The December survey by Glengariff Group Inc. showed 29 percent of voters supported Democratic efforts to overturn the law, 22 percent were opposed and 50 percent were either neutral or undecided.
The Right-to-Work repeal legislation, as amended Wednesday in the Michigan House, includes $2 million that Democrats say is designed to educate the public and businesses about the planned labor law changes.
But the money would also prevent a future ballot initiative to overturn the repeal because the Michigan Constitution prohibits referendums on laws with appropriations. Whitmer blasted previous GOP attempts to make bills referendum-proof as a form of legislative “abuse” and vowed she would use her veto pen to prevent the practice.
But even if Whitmer signed referendum-proof legislation, an amendment to the Michigan Constitution would trump any Democratic repeal law and preserve Right-to-Work indefinitely.

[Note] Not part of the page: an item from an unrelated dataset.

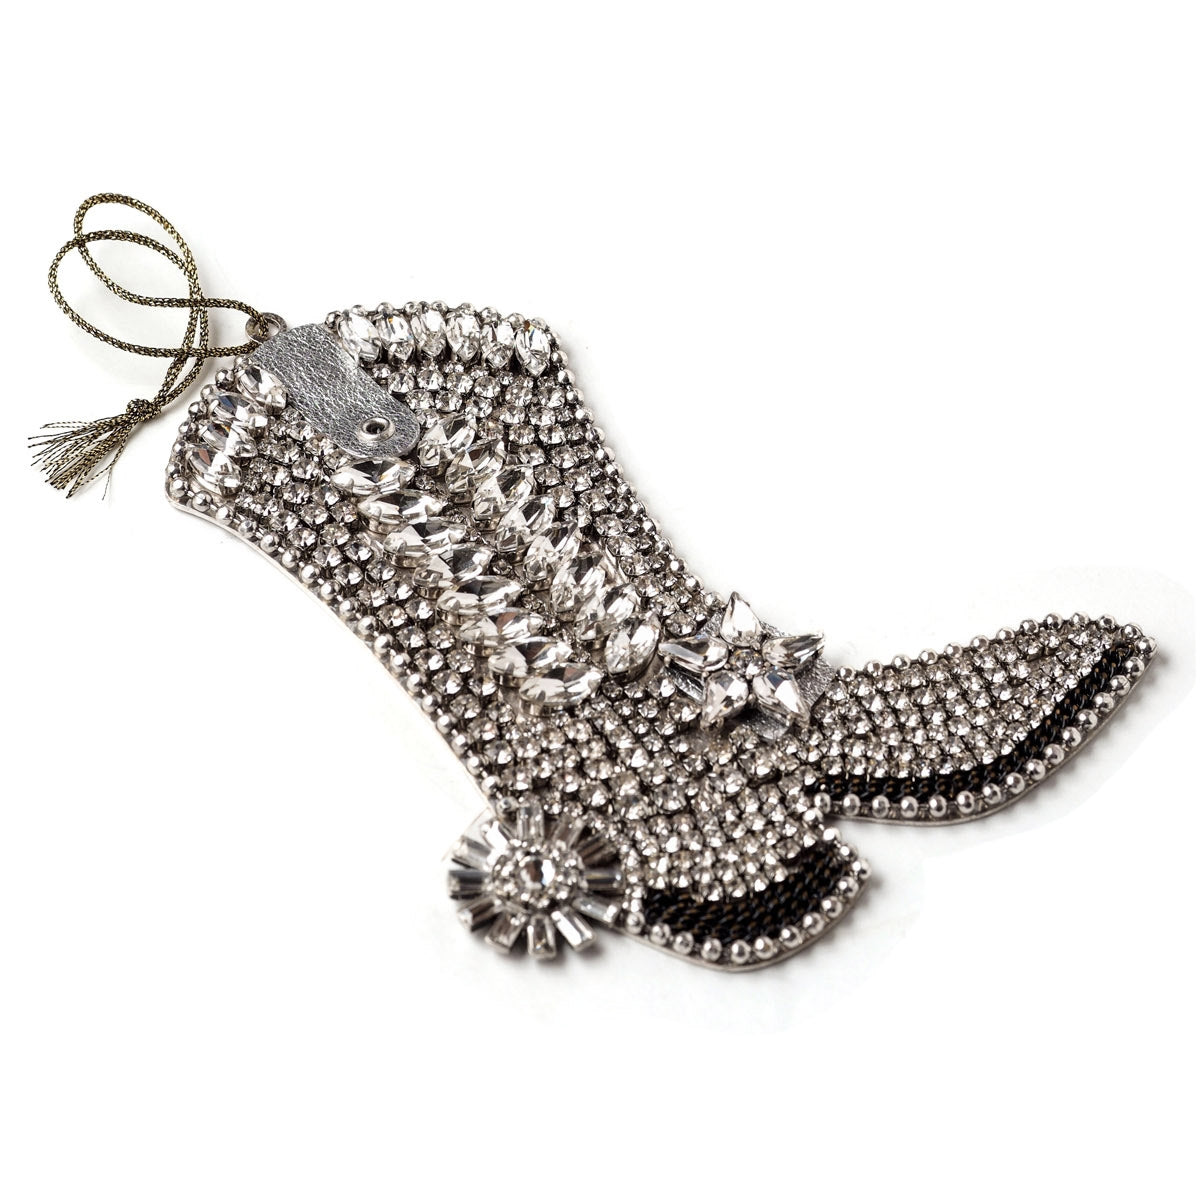 Bejeweled Cowboy Boot Ornament

Putting a proposal for a constitutional amendment on the 2024 ballot would require more than 450,000 valid voter signatures. And it would be the latest front in a right-to-work battle that has raged for more than a decade.
Michigan unions, led by then-United Auto Workers President Bob King, attempted to pre-empt a Right-to-Work push with a 2012 ballot proposal that would have enshrined collective bargaining rights in the state Constitution.

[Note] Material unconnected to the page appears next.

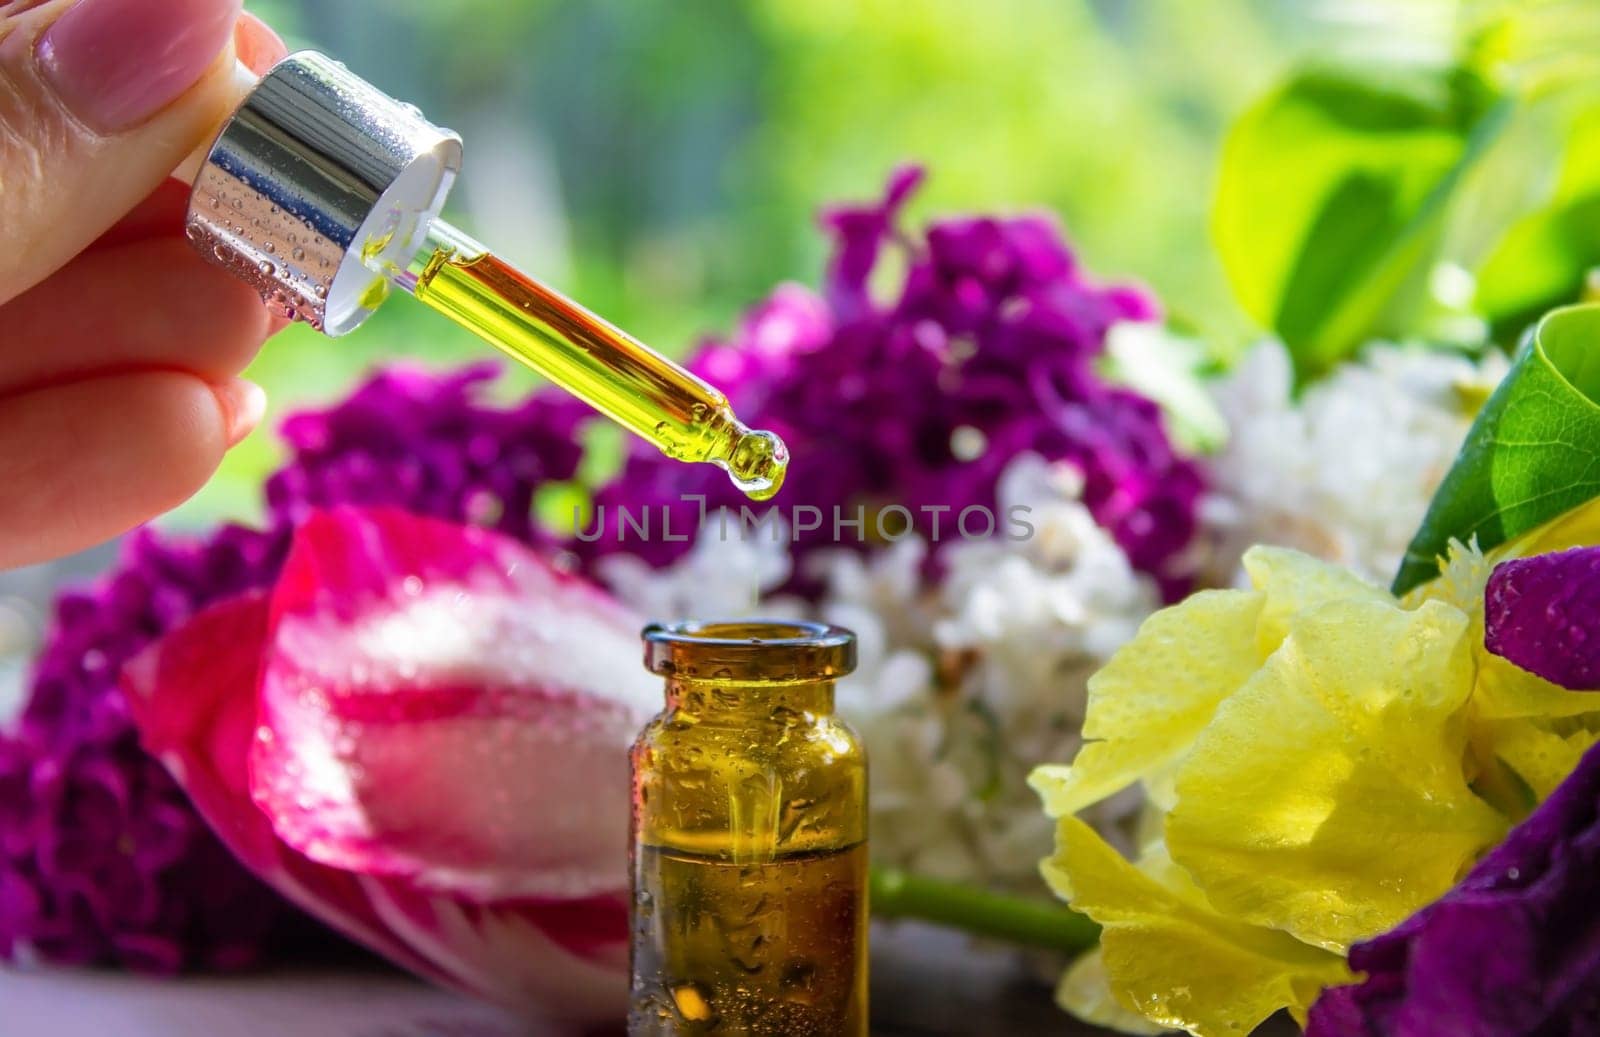 essential oils of various flowers.

The ballot battle ended with a stinging defeat for union backers, however. The measure failed by 14 percentage points, with opposition from 57 percent of voters and support from 43 percent.
Supporters and opponents — including business groups and the DeVos family of west Michigan — combined to spend more than $45 million on the ballot fight, which at the time was the most expensive in state history.
Then-Gov. Rick Snyder, a Republican, had initially resisted Right-to-Work legislation. But supporters say the union-led ballot fight prompted him to reconsider. Less than a month after the 2012 election, Snyder signed legislation to make Michigan a Right-to-Work state.
Bolger, who is closely involved in talks about a potential 2024 ballot initiative, said he’s optimistic that conservative donors would support the effort even if they have been increasingly reluctant to fund the Michigan Republican Party.
“This could be someplace that those traditional donors go,” he said.